Sounds strange that you're having such a problem with the tone/EQ, especially with as you say, a "fancy" bass. Not sure how much help I can be other than what I've said and throwing more free plugs at you, like:
A small suggestion I think Mike Senior put out once about bass is to add some distortion that will bring some of the energy into the higher frequencies and give you more to work with..
--------------------------- Thanks, Benjamin Hirsch Track Junky Extraordinaire
Although I'm not a fan of multiband-compression, I'd try some here. Like Nova-67P (my goto for bassguitar) Maybe a doubled track with HP/LP and distortion?
--------------------------- scott Freedman 94 325is tons of miles in Grun frosch (froggy green) :krakrani:
Thanks, tgraph and ginormous - that's of course what I tried first, since it can sound cool even with "normal" basses. But there is not much (read: nothing) usable going on in the "upper" range. So I can either distort the 50 - 150 area, the wavelength of which is so huge, it sounds like a synth. Split band compressing is just boosting the mud. I mean, I want 3k in a bass, maybe even 5k, but there is nada, nichts, nothing. No air, no strings, nothing that defines the instrument. Pickup noise, yes. 400 - 600 is "wood", which is okay per se, but as long as it's not accompanied by a balanced string or fundamental tone, it's pretty clueless. I just botch a usable context sound and focus on the rest :)
If you're missing high frequencies why not add it? Use ReaTune to record a MIDI track and then let that drive some bass VST (or even a synth), maybe raised one octave. Then mix in with the original. You don't even have to say anything to your client :)
Have you asked the player what HE was looking to get in the way of tone? You may well be fighting each other here. Not everyone wants or even likes a brighter more articulate bass sound. Also, what does the actual client think? I have one active bass set up with oldish rotosound roundwounds and one fender precision USA 62 reissue set up with ground rounds, which are pretty much the equivalent of those tape wounds sound-wise. I wind up using the precision a lot more than the active bass, simply because the sound IS really fat and thuddy. If you are trying to get the recording to sound like a modern, clean, articulate bass from a semi-acoustic with tape wounds, you WILL struggle. HAHA! I totally missed the part where you said his technique was somewhat lacking on that first track & the rest was OK. Not much you can do about that really, is there? But like I said before, what does the client think?

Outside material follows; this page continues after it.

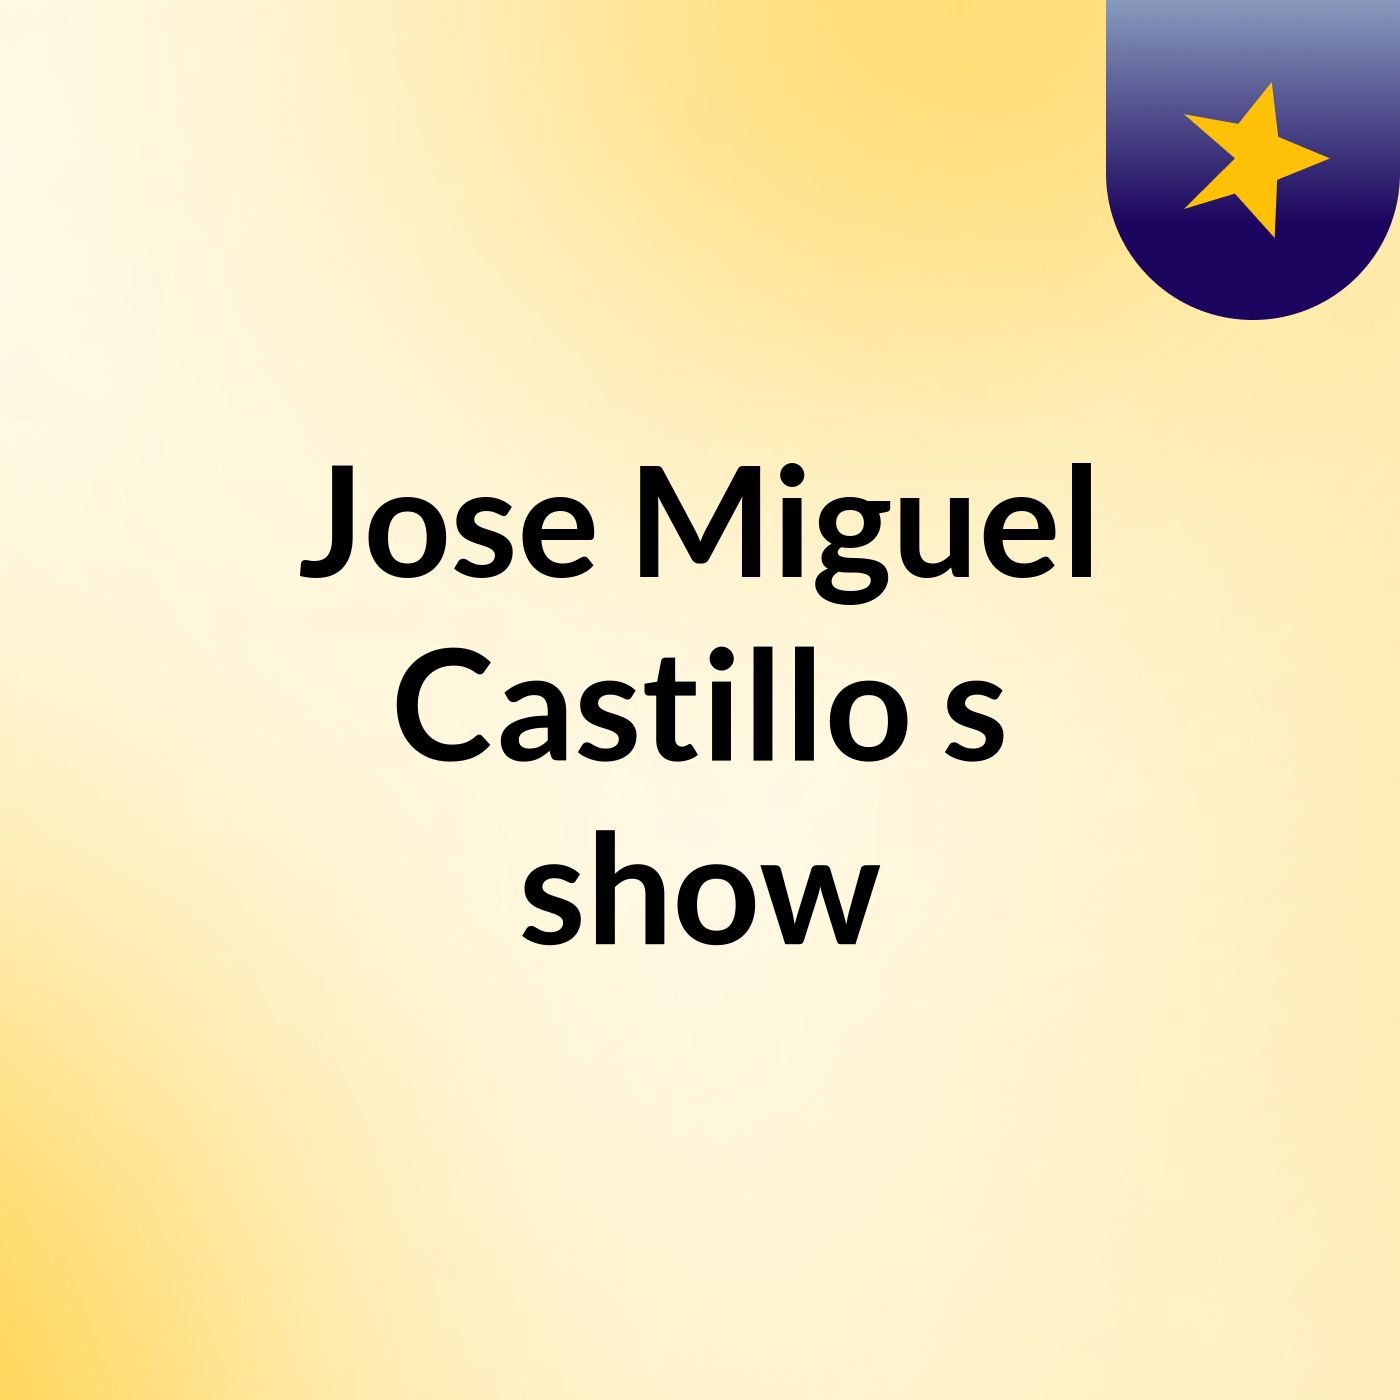 Jose Miguel Castillo's show

if it's a fancy bass, it could have active circuitry. was the DI active or passive? I'd use a passive DI. Once you record a cruddy sound, it's too late really.
I've used the Clarisonix enhancer on basses with no definition with pretty good results. Leave off the sub enhancer and crank the Clarity knob and adjust mix with the Reaper mix knob. Basically I'd take any soundly maligned Exciter or Enhancer plugins that was two steps forward and four back on anything else it was tried on and give it a shot.